• To do: Your answer must be an exact copy of the records below, with every picture left out.

• Data for this task:

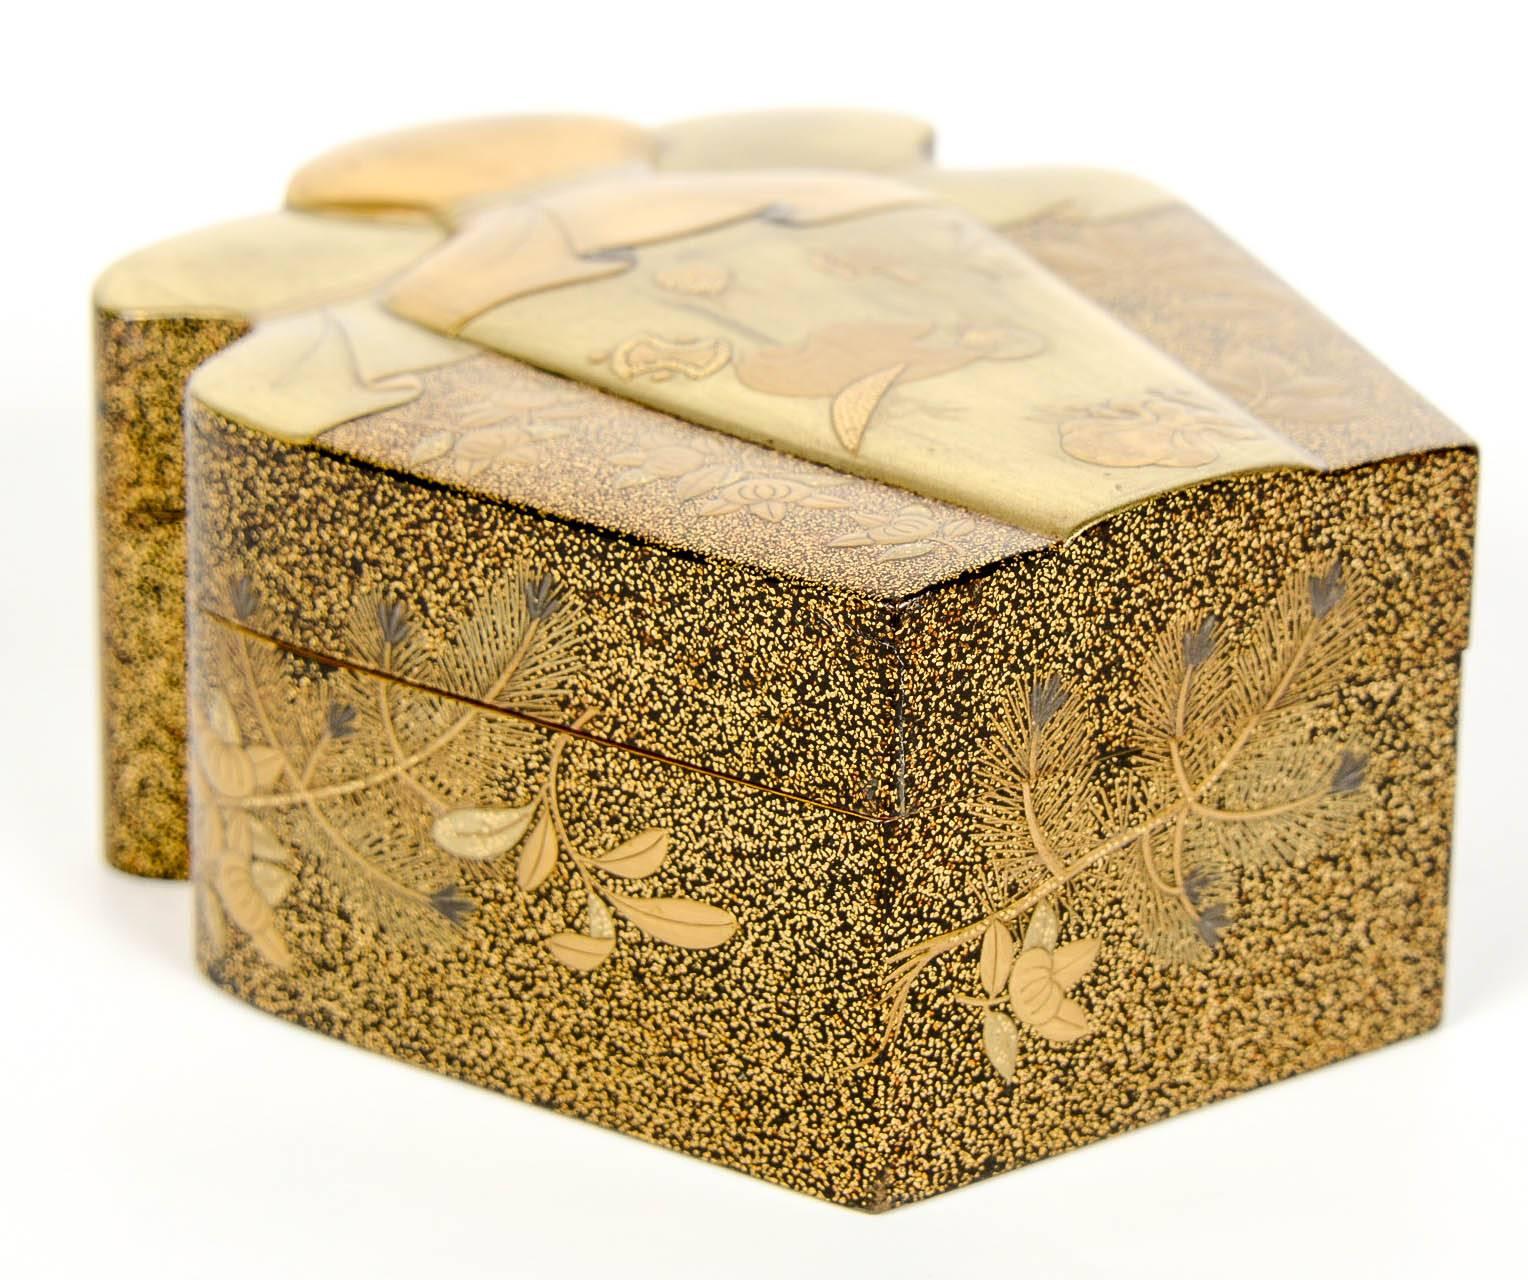 Small gold lacquer Kobako depicting a purse tied by a cord. It shows a ritual objects decor in its central part, flowering branches and pine trees on the sides of the lid.
The sides are decorated with flowering branches and pine branches on a
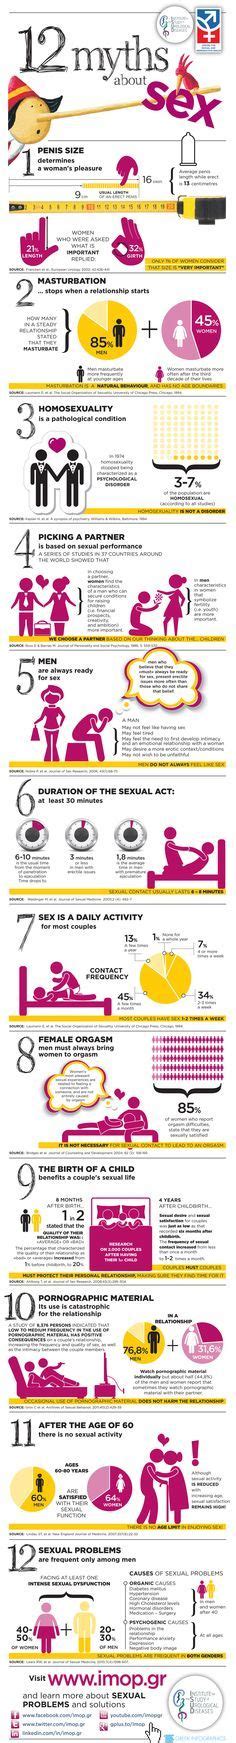 Psychology 12 Myths About Sex Infographic Sex Myths Relationships
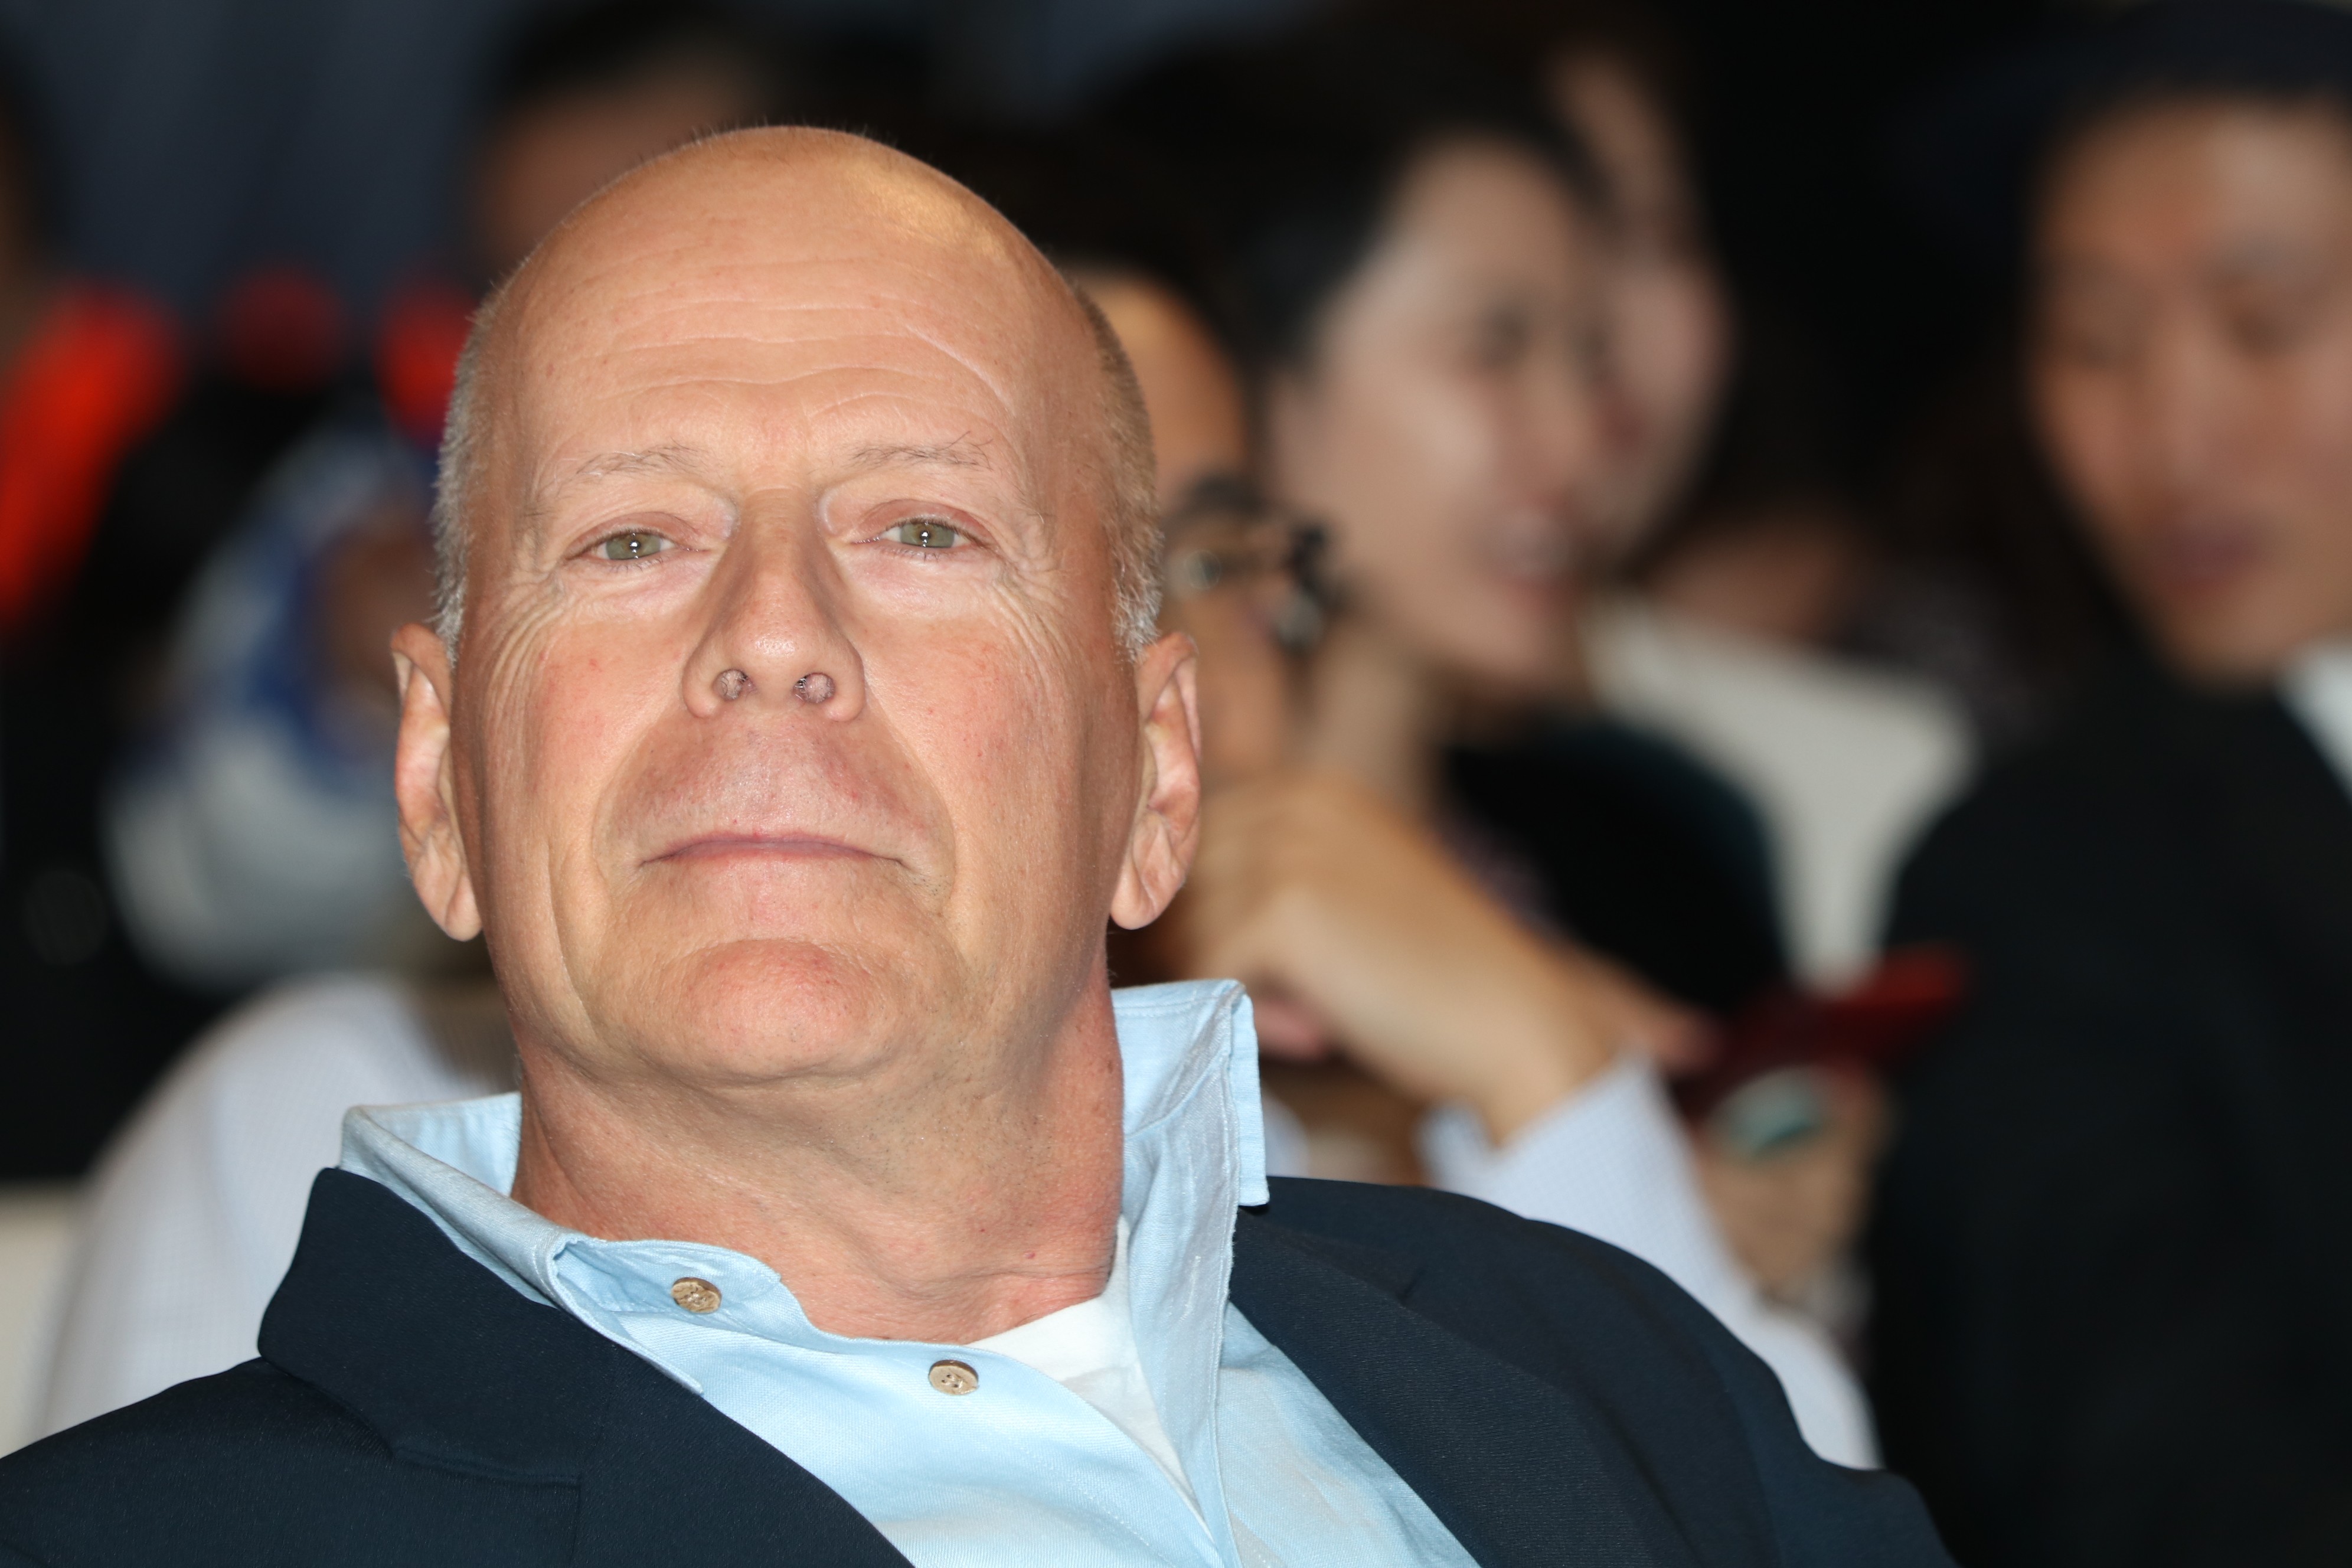 O ator Bruce Willis (Foto: Getty Images)
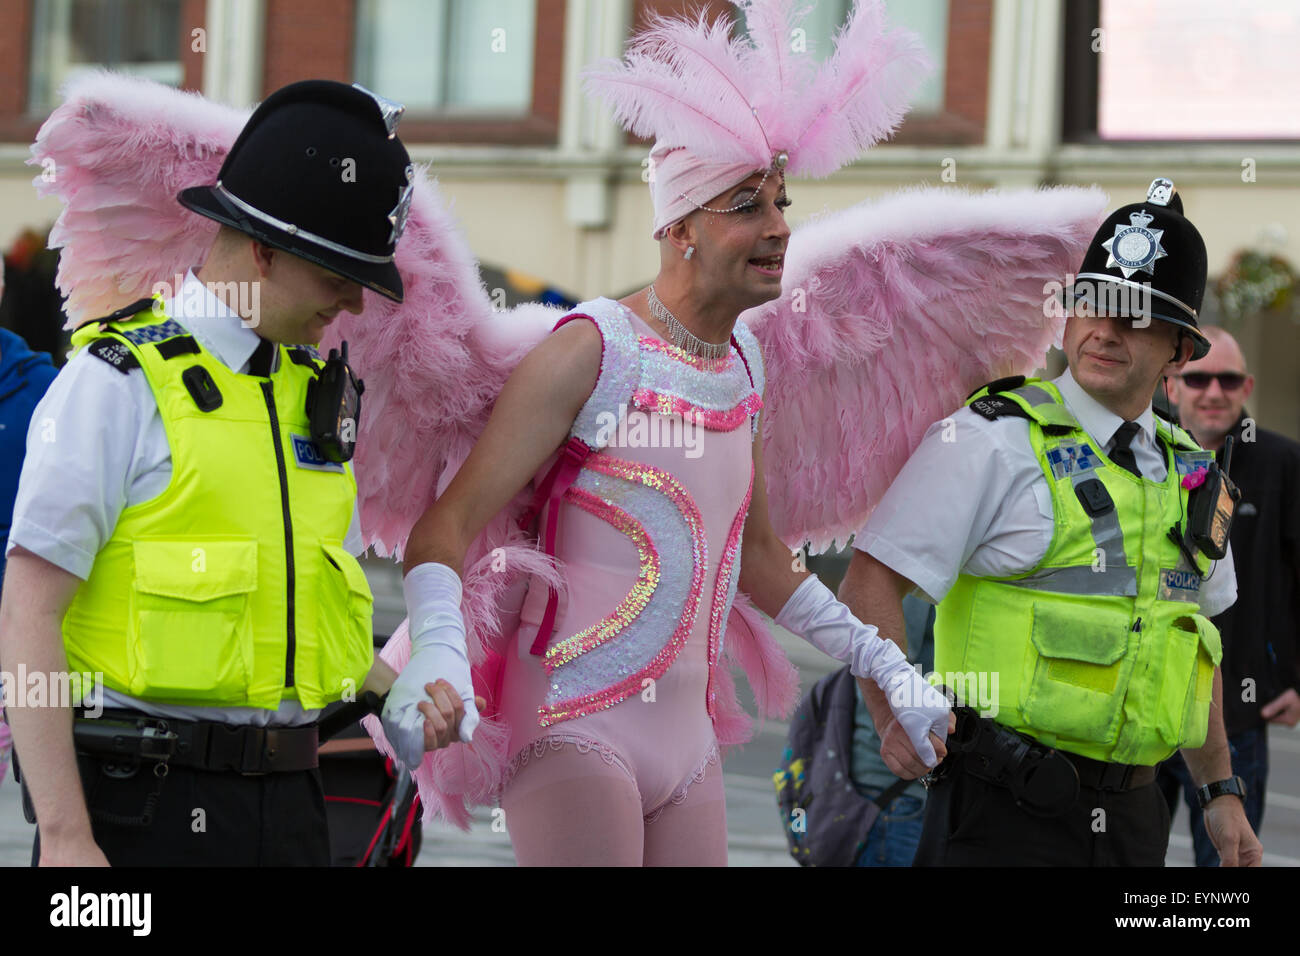 Stockton-on-Tees, UK, Saturday, 1st August, 2015. A male street performer, in full costume as a pink angel, interacts with two officers from Cleveland Police, dressed in their normal police uniform, at Instant Light, the 28th Stockton International Riverside Festival. Stock Photo

• Task output:
 Small gold lacquer Kobako depicting a purse tied by a cord. It shows a ritual objects decor in its central part, flowering branches and pine trees on the sides of the lid.
The sides are decorated with flowering branches and pine branches on a
 Psychology 12 Myths About Sex Infographic Sex Myths Relationships
 O ator Bruce Willis (Foto: Getty Images)
 Stockton-on-Tees, UK, Saturday, 1st August, 2015. A male street performer, in full costume as a pink angel, interacts with two officers from Cleveland Police, dressed in their normal police uniform, at Instant Light, the 28th Stockton International Riverside Festival. Stock Photo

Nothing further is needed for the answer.